Give the records below again, word for word. No pictures belong in the copy.

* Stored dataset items
-- Opening Marker --

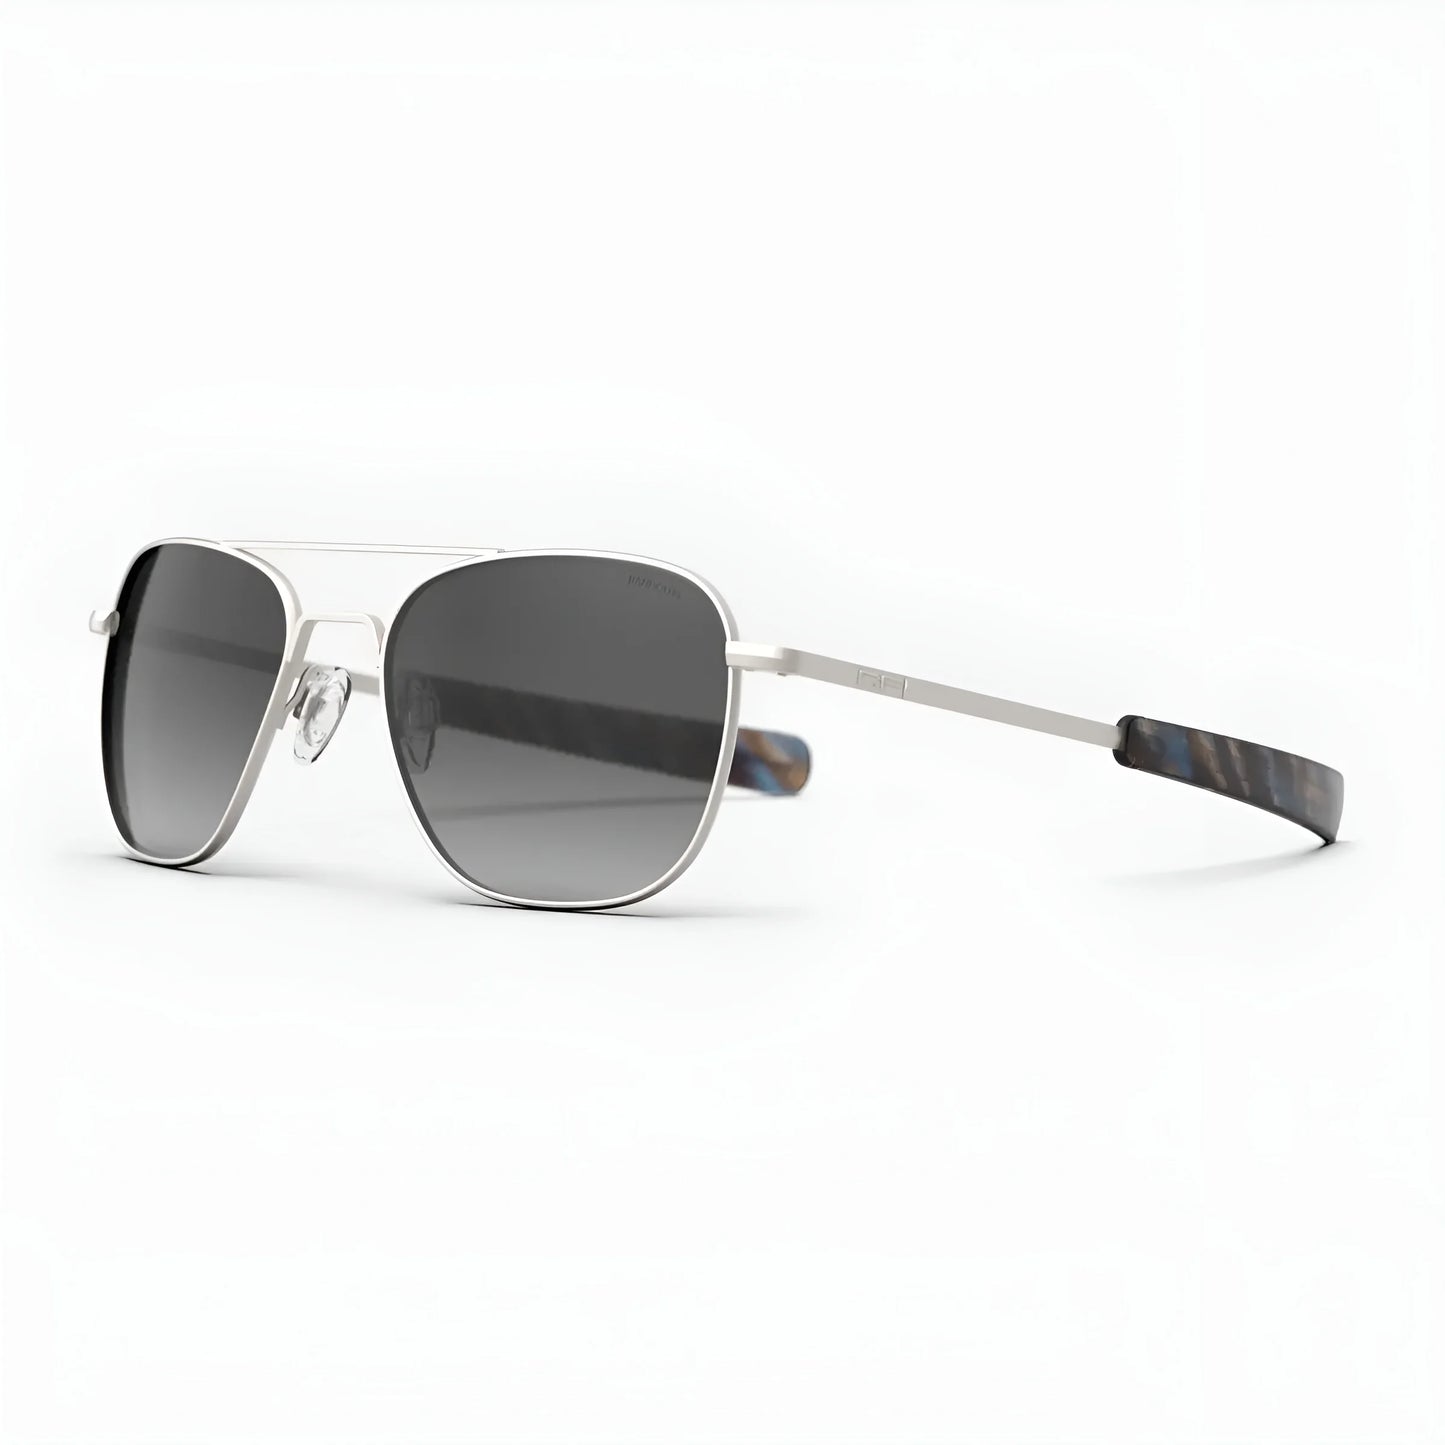 Randolph AVIATOR Sunglasses | Size 55 / Satin Silver / Coastal Gray Polarized Gradient Nylon
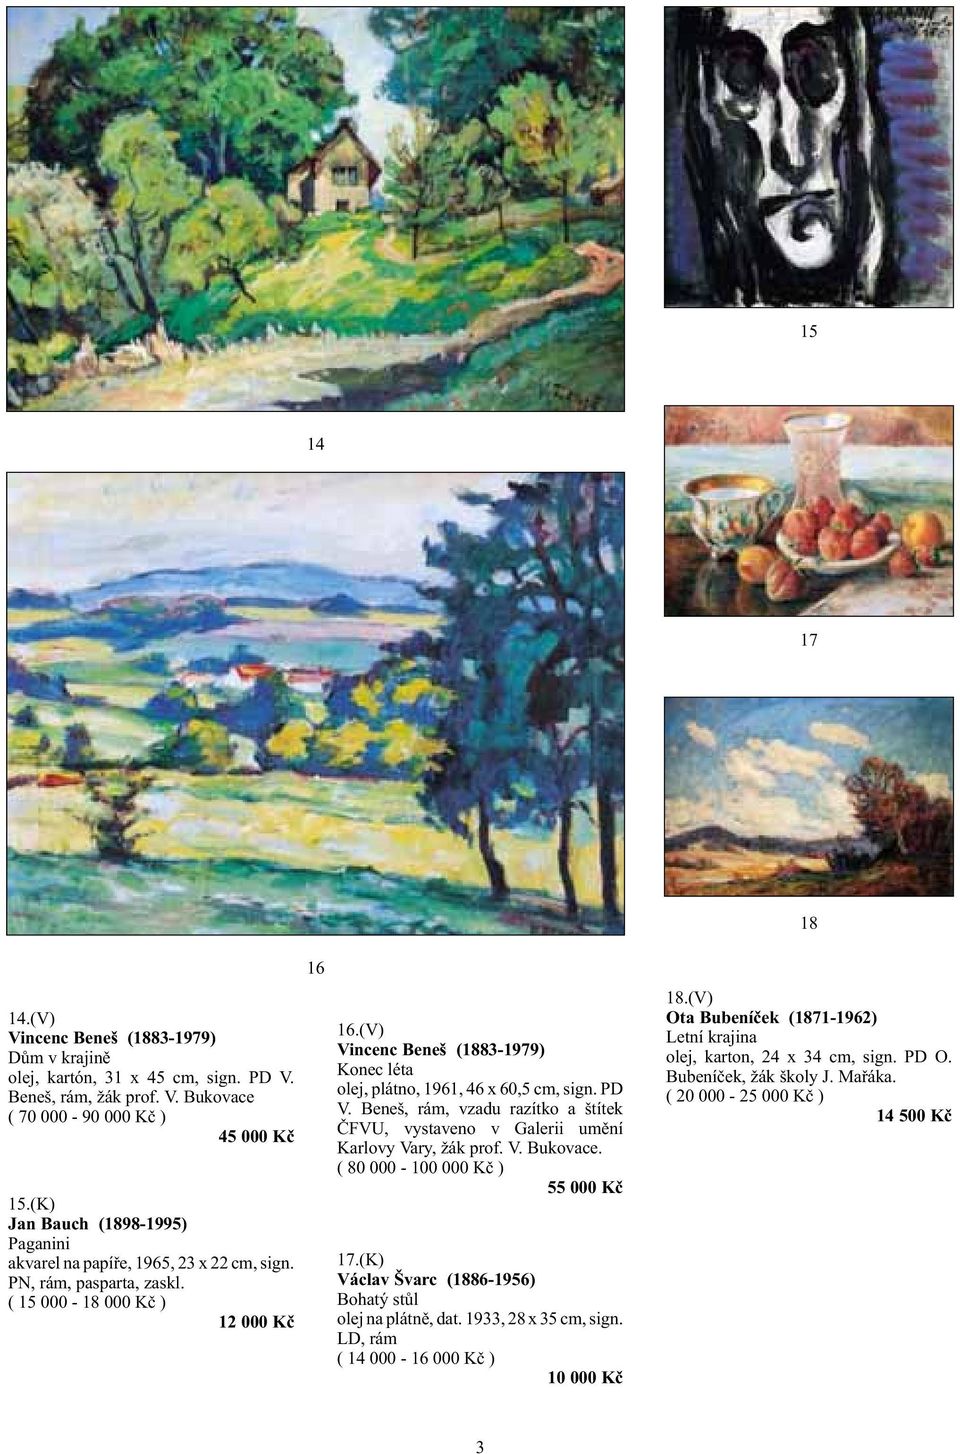 (V) Vincenc Beneš (1883-1979) Konec léta olej, plátno, 1961, 46 x 60,5 cm, sign. PD V. Beneš, rám, vzadu razítko a štítek ČFVU, vystaveno v Galerii umění Karlovy Vary, žák prof. V. Bukovace.
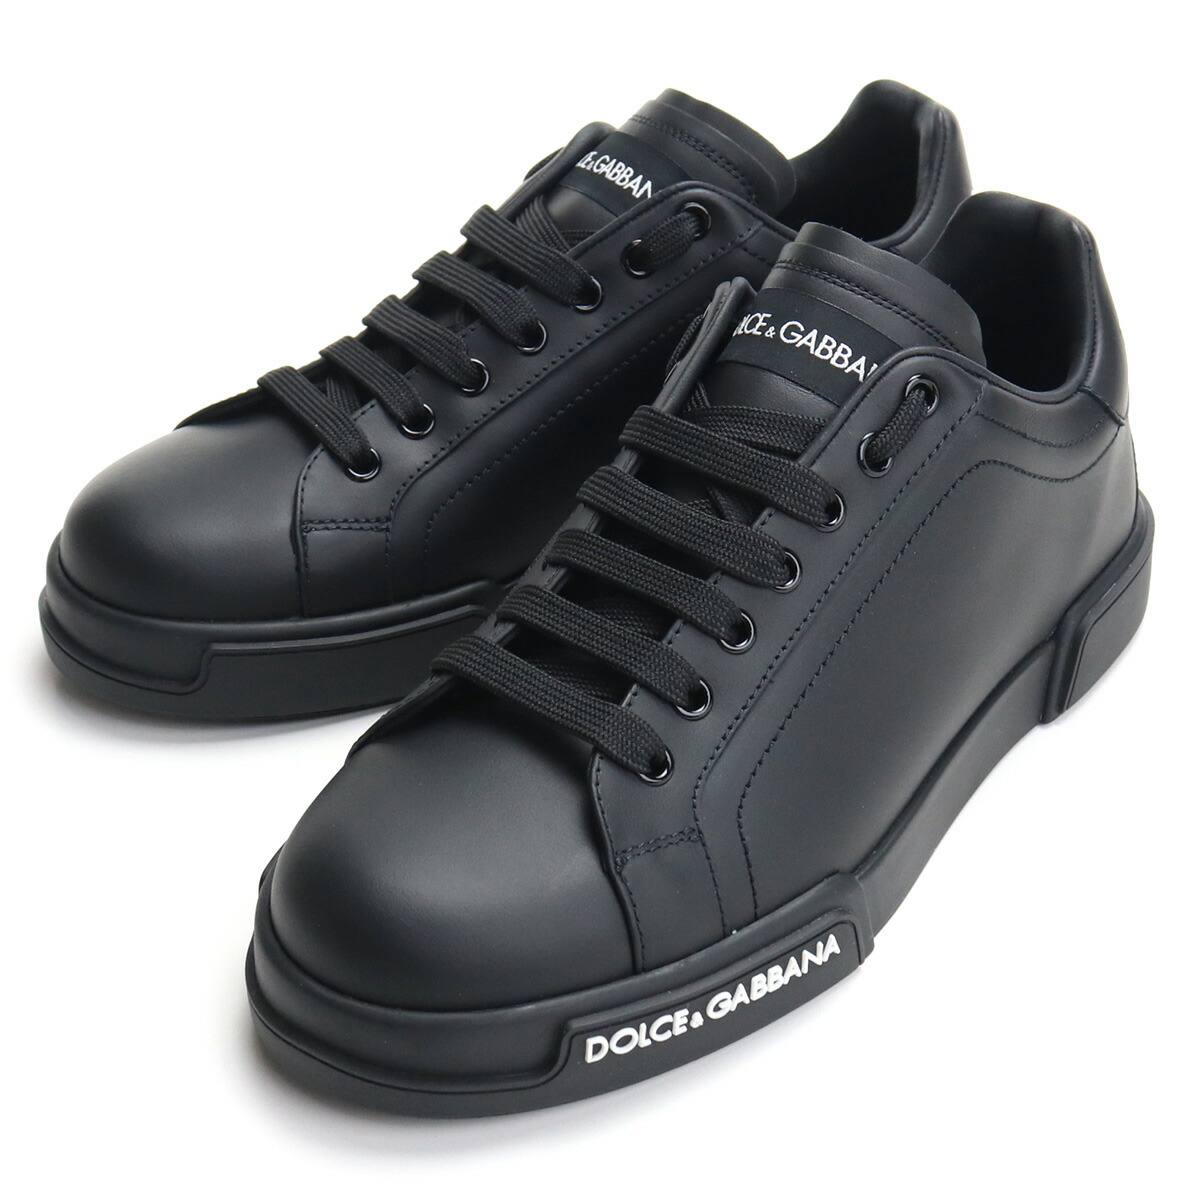 ドルチェ&ガッバーナ DOLCE&GABBANA メンズスニーカー CS1774 AA335 8B956 ブラック bos-26 shoes-01 メンズ
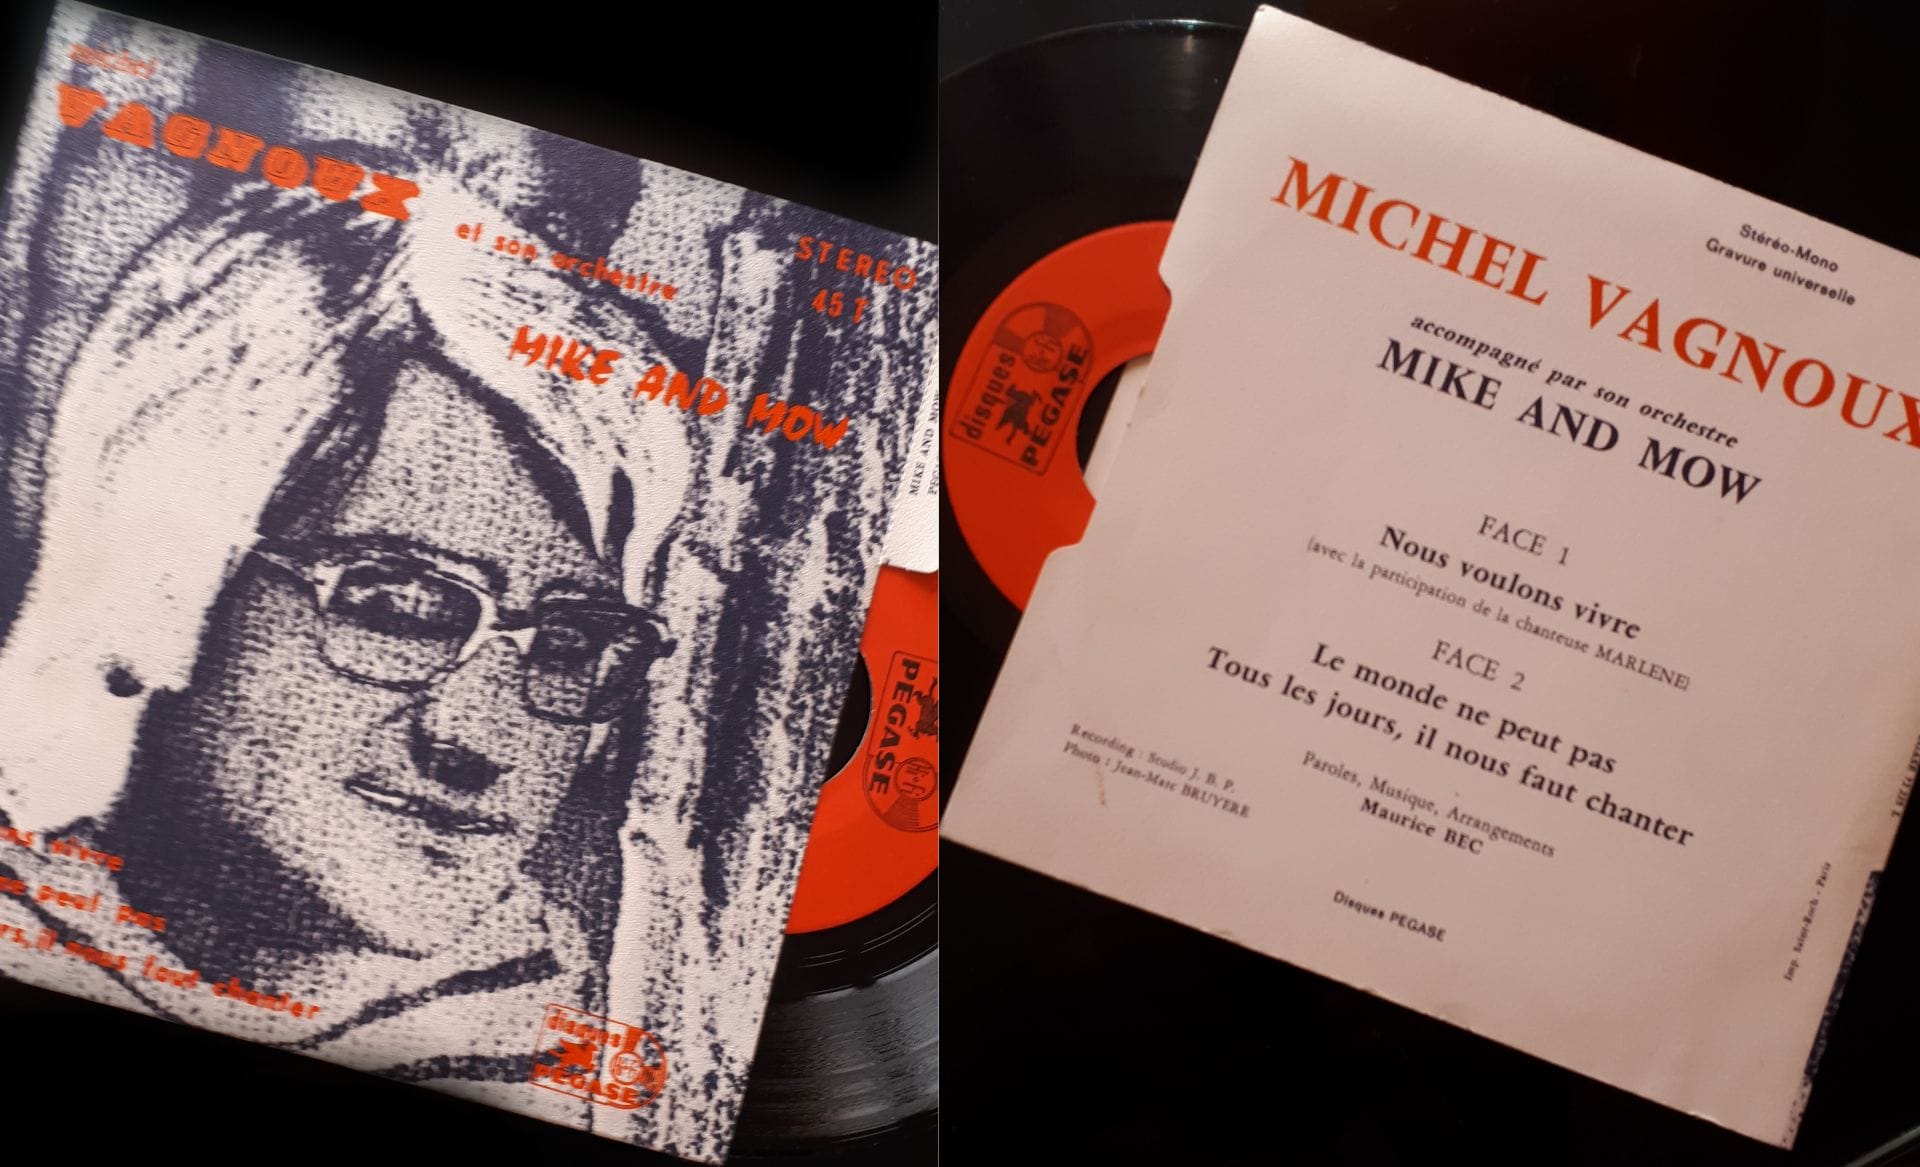 Pochette album mike and mow
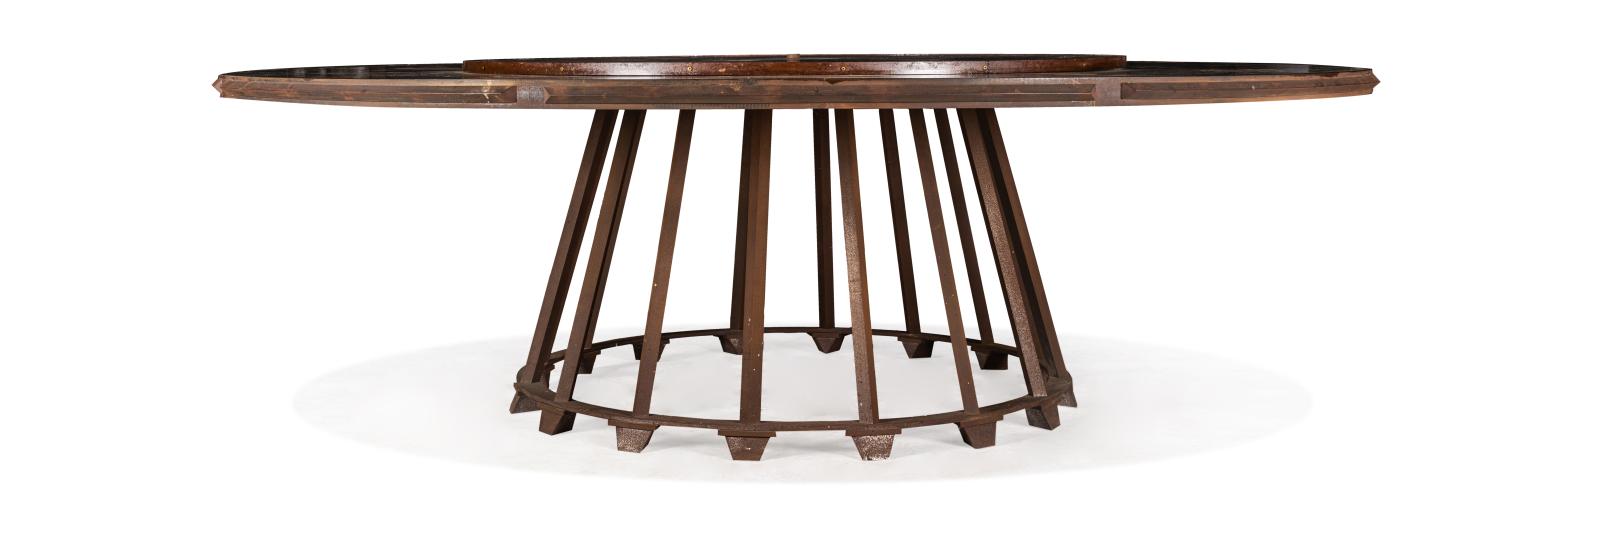 Table circulaire à plateau tournant en cuivre verni et piétement en acier oxydé, pièce unique, h. 79, diam. 258 cm. Estimation : 10 000/15

-- Closing Marker --

* Response box
 Randolph AVIATOR Sunglasses | Size 55 / Satin Silver / Coastal Gray Polarized Gradient Nylon
 (V) Vincenc Beneš (1883-1979) Konec léta olej, plátno, 1961, 46 x 60,5 cm, sign. PD V. Beneš, rám, vzadu razítko a štítek ČFVU, vystaveno v Galerii umění Karlovy Vary, žák prof. V. Bukovace.
 ドルチェ&ガッバーナ DOLCE&GABBANA メンズスニーカー CS1774 AA335 8B956 ブラック bos-26 shoes-01 メンズ
 Pochette album mike and mow
 Table circulaire à plateau tournant en cuivre verni et piétement en acier oxydé, pièce unique, h. 79, diam. 258 cm. Estimation : 10 000/15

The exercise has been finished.